**** PROVIDED DATA

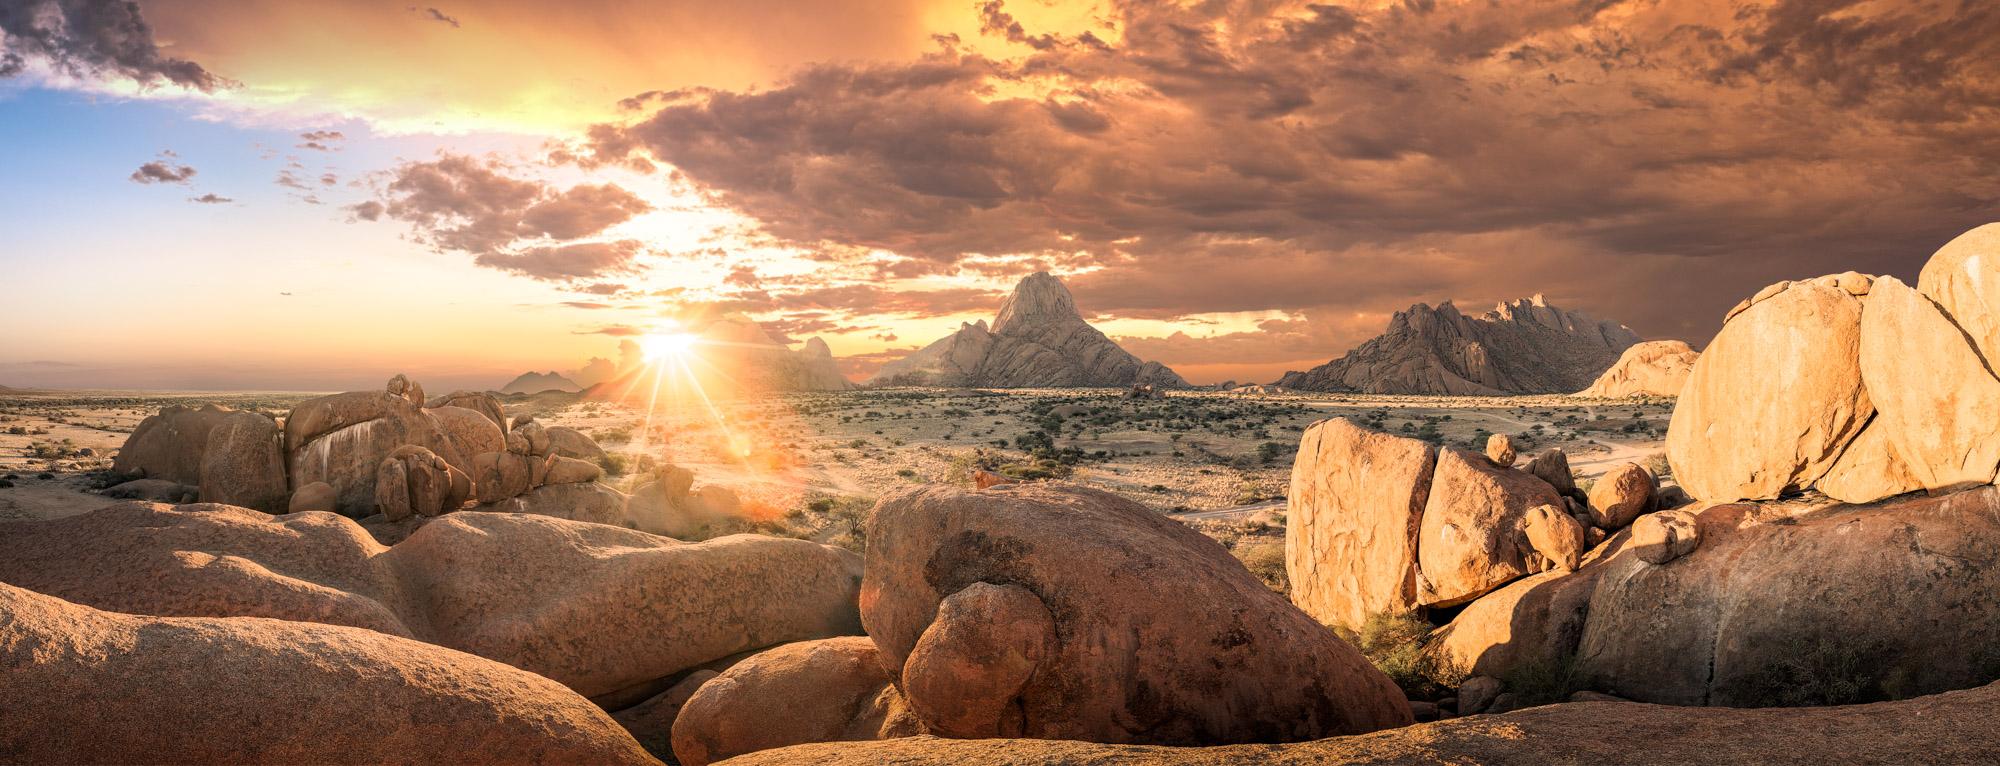 Dramatic Sunset At Spitzkoppe
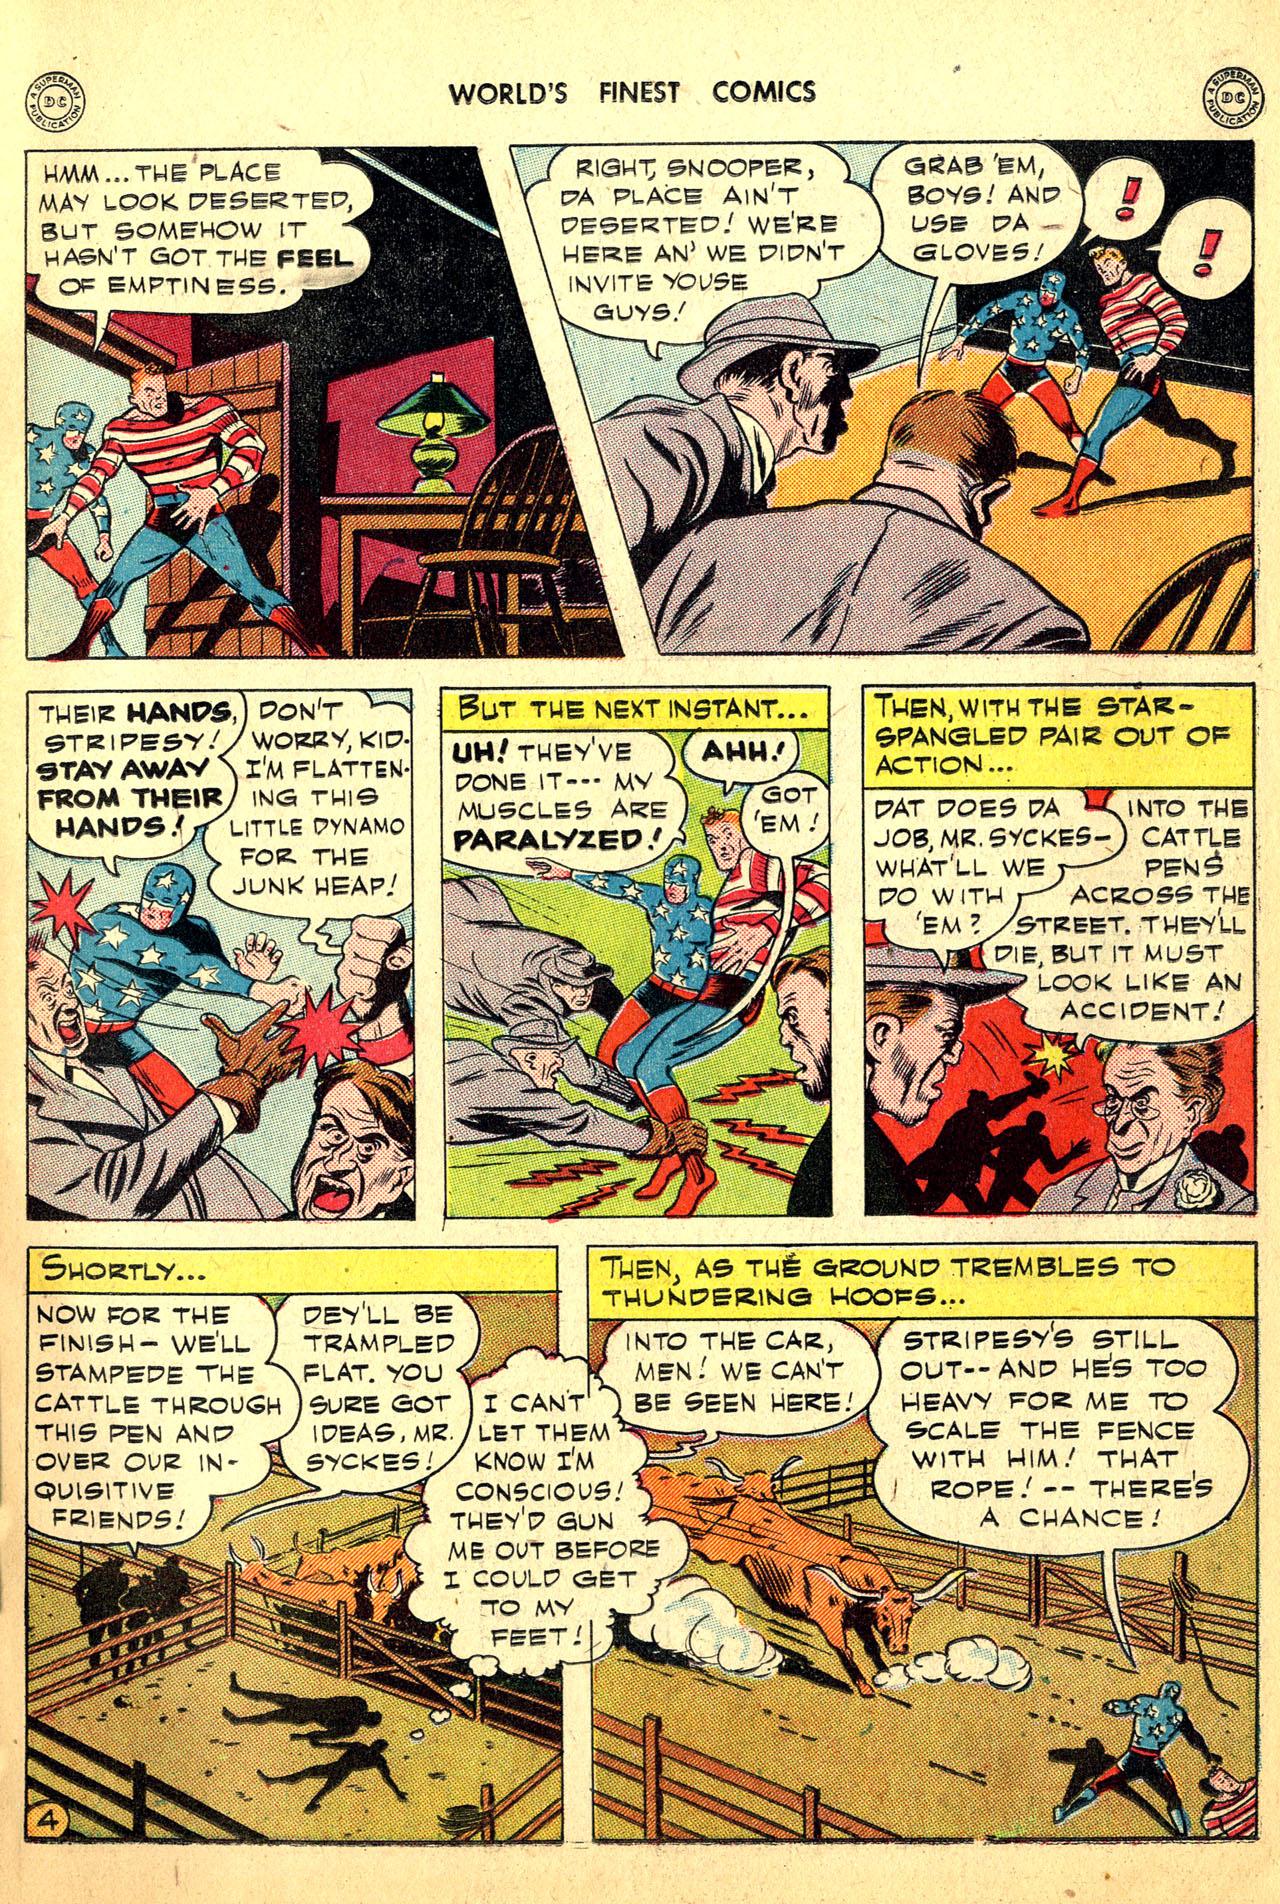 Read online World's Finest Comics comic -  Issue #18 - 19
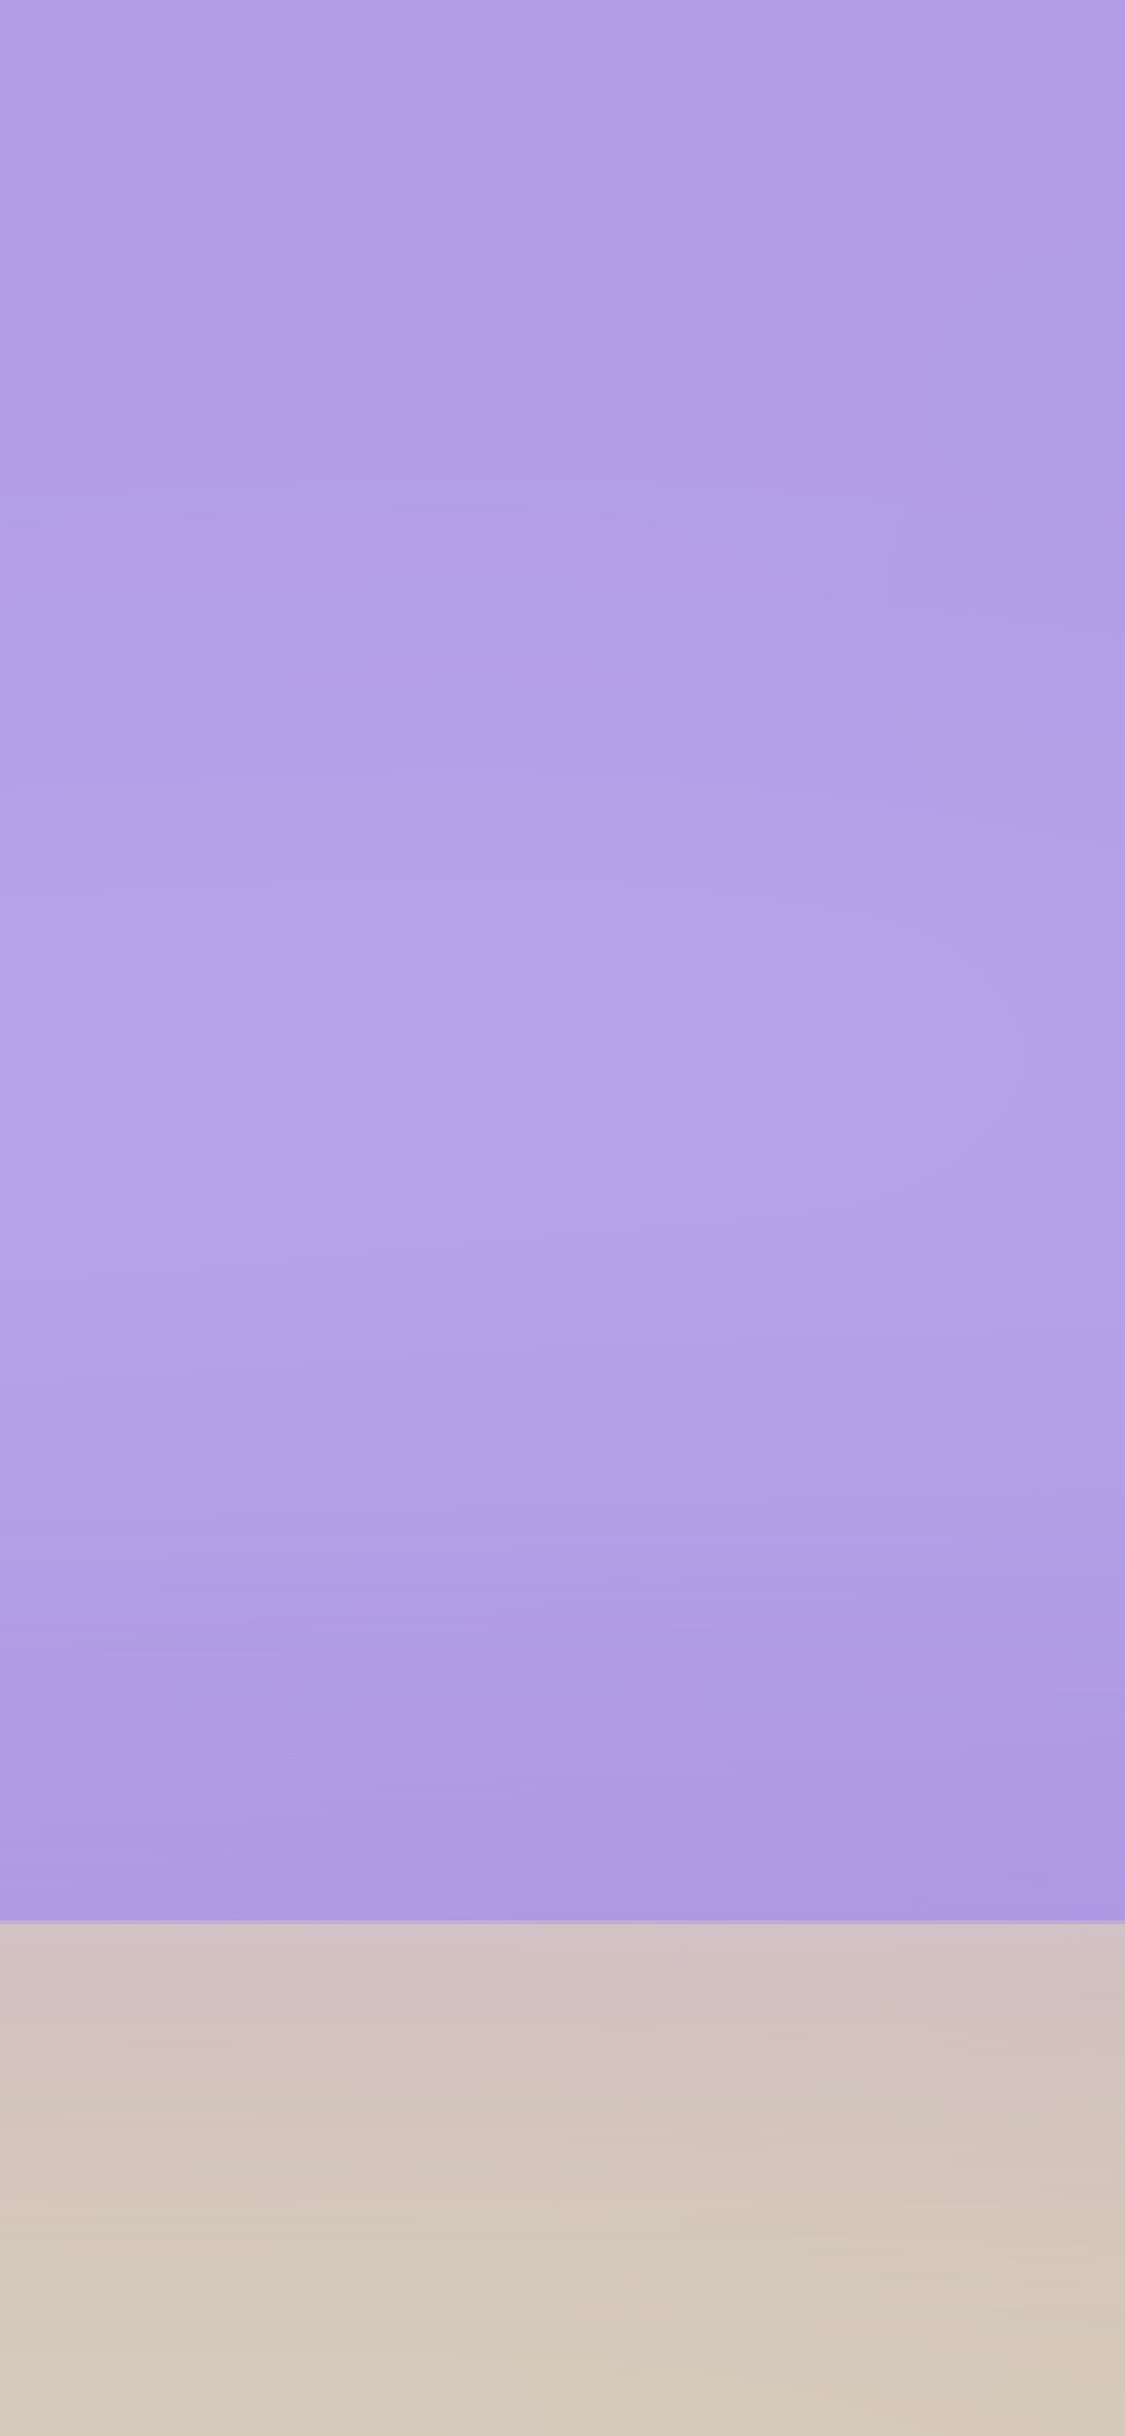 iPhonexpapers.com-Apple-iPhone-wallpaper-sn34-flat-colorlovers-purple-blur-gradation-pastel

********

:: ACTIVITY ::
Write out the material above again, word for word, minus its pictures.

:: SOLUTION TO THIS PROBLEM ::
 Dramatic Sunset At Spitzkoppe
 Read online World's Finest Comics comic -  Issue #18 - 19
 iPhonexpapers.com-Apple-iPhone-wallpaper-sn34-flat-colorlovers-purple-blur-gradation-pastel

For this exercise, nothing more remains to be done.